About DecisionDx-Melanoma
DecisionDx-Melanoma is a gene expression profile (GEP) test designed to analyze tumor biology to deliver a personalized risk assessment for patients with stage I–III cutaneous melanoma, enhancing risk stratification beyond American Joint Committee on Cancer (AJCC) staging alone. By combining molecular insights with select clinicopathologic features, the test provides two distinct outputs: a personalized risk of sentinel lymph node (SLN) positivity and a personalized risk of recurrence and/or metastasis. This clinically actionable information is designed to help guide risk-aligned patient management decisions, including SLN biopsy consideration, follow-up intensity, imaging and referrals.

DecisionDx-Melanoma is supported by more than 50 peer-reviewed publications, including prospective studies and meta-analyses, and was developed in collaboration with more than 100 leading U.S. institutions. The test has been clinically validated in more than 10,000 patient samples, ordered more than 220,000 times since launch, and has been shown to be associated with improved patient survival.

About Castle Biosciences
Castle Biosciences (Nasdaq: CSTL) is a leading diagnostics company improving health through innovative tests that guide patient care. With a primary focus in dermatologic and gastroenterological disease, we develop personalized, clinically actionable solutions that help improve disease management and patient outcomes.

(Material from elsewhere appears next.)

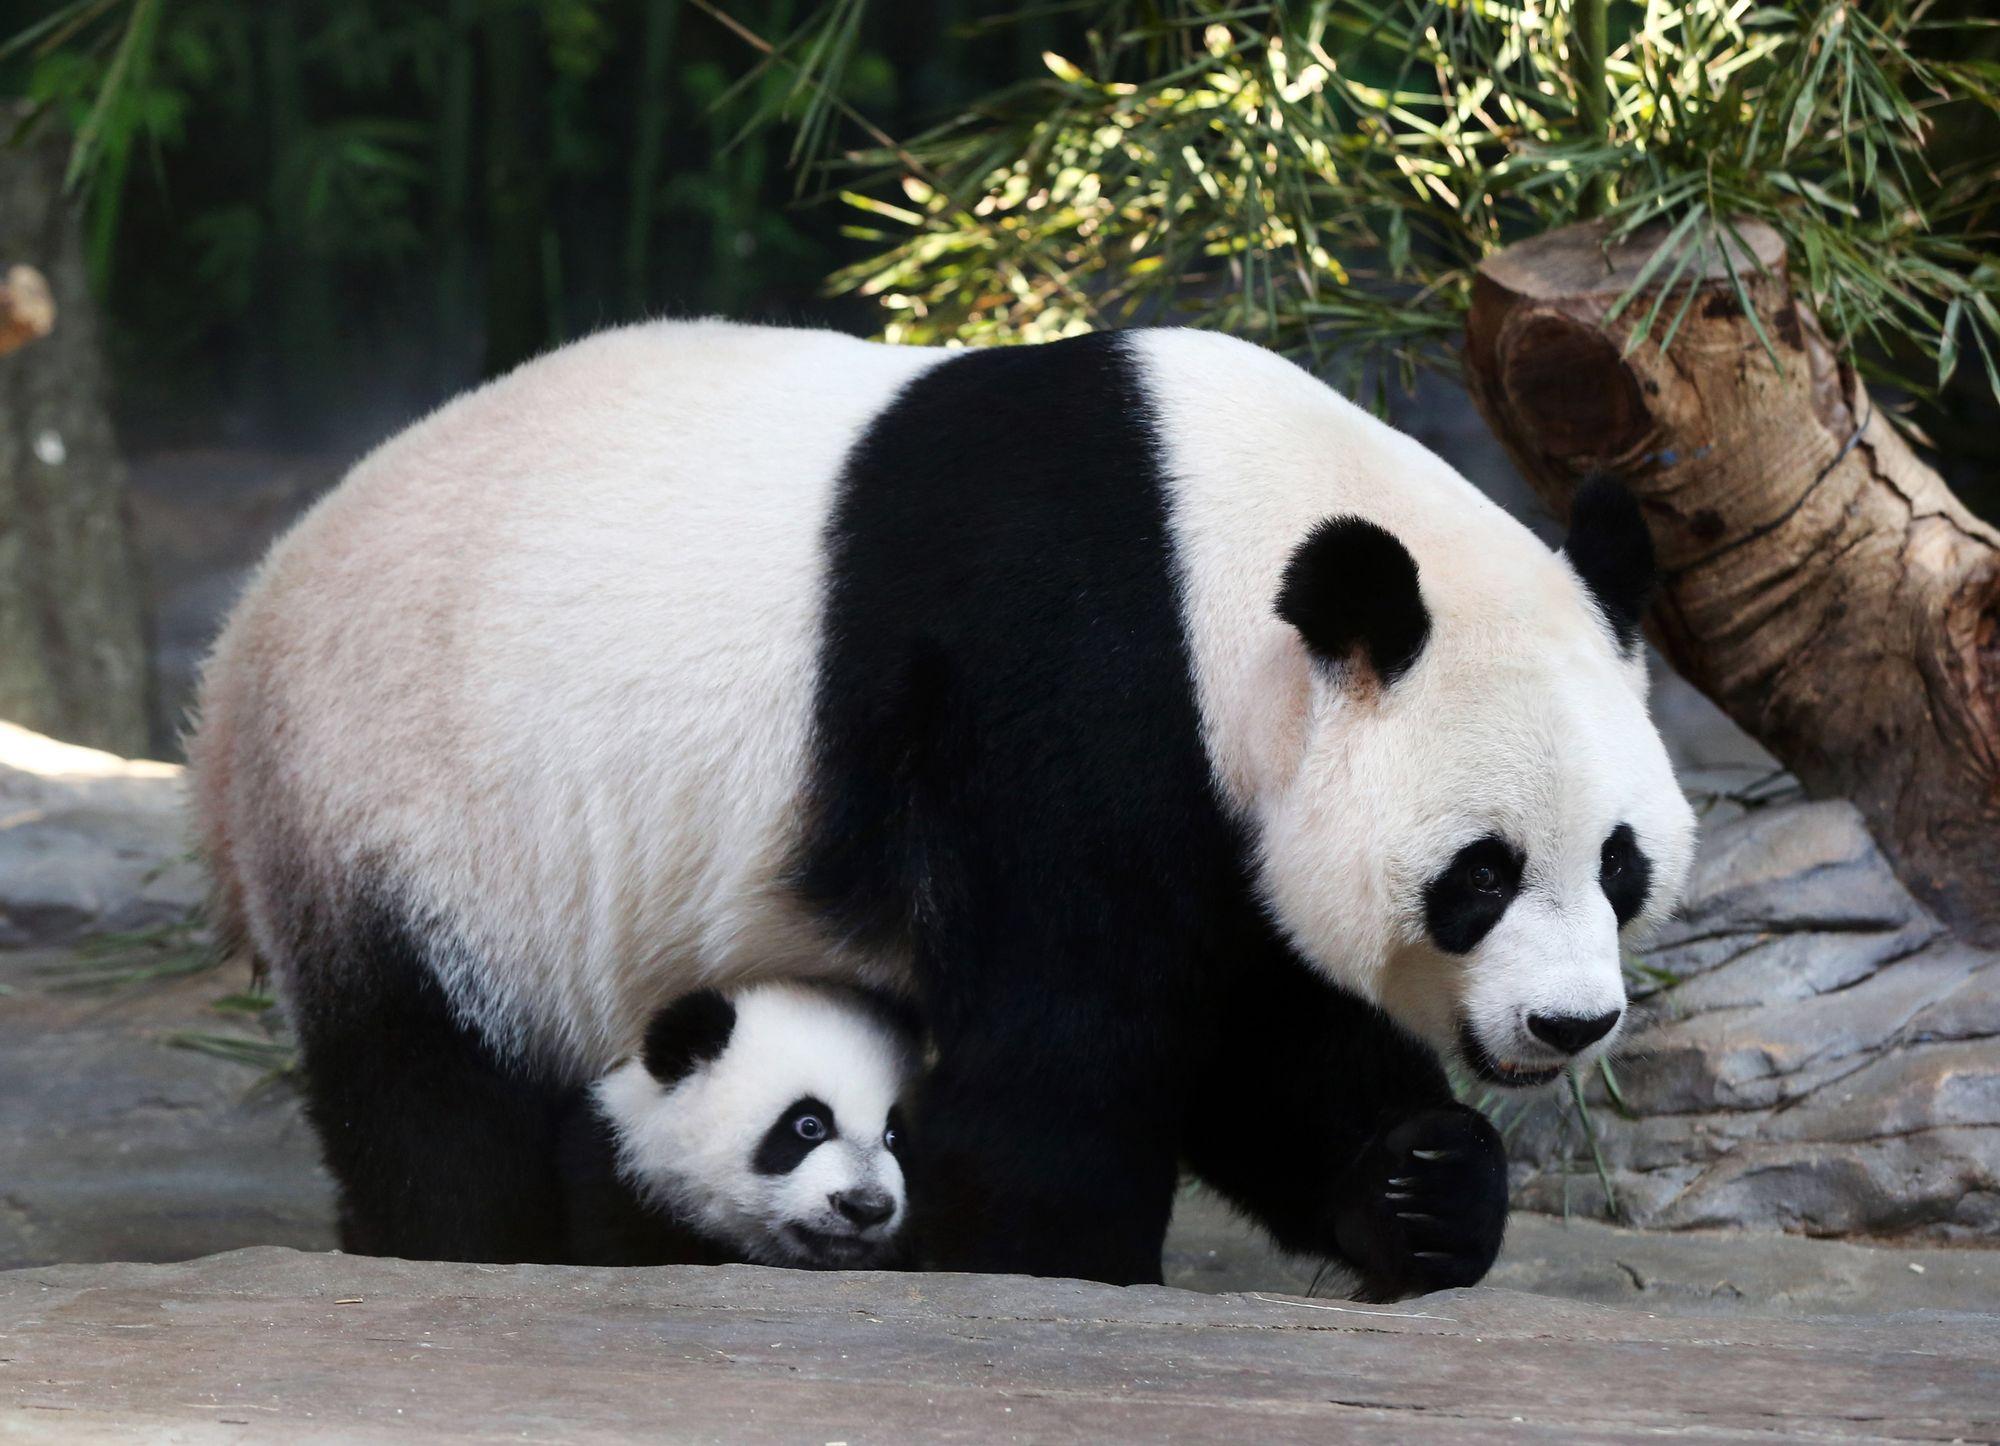 la population de pandas g ants l 39 tat sauvage augmente en chine sciences tech. Black Bedroom Furniture Sets. Home Design Ideas

We put people first—empowering patients and clinicians and informing care decisions through rigorous science and advanced molecular tests that support more confident treatment planning.

DecisionDx-Melanoma, DecisionDx-CMSeq, i31-SLNB, i31-ROR, DecisionDx-SCC, MyPath Melanoma, AdvanceAD-Tx, TissueCypher, DecisionDx-UM, DecisionDx-PRAME and DecisionDx-UMSeq are trademarks of Castle Biosciences, Inc.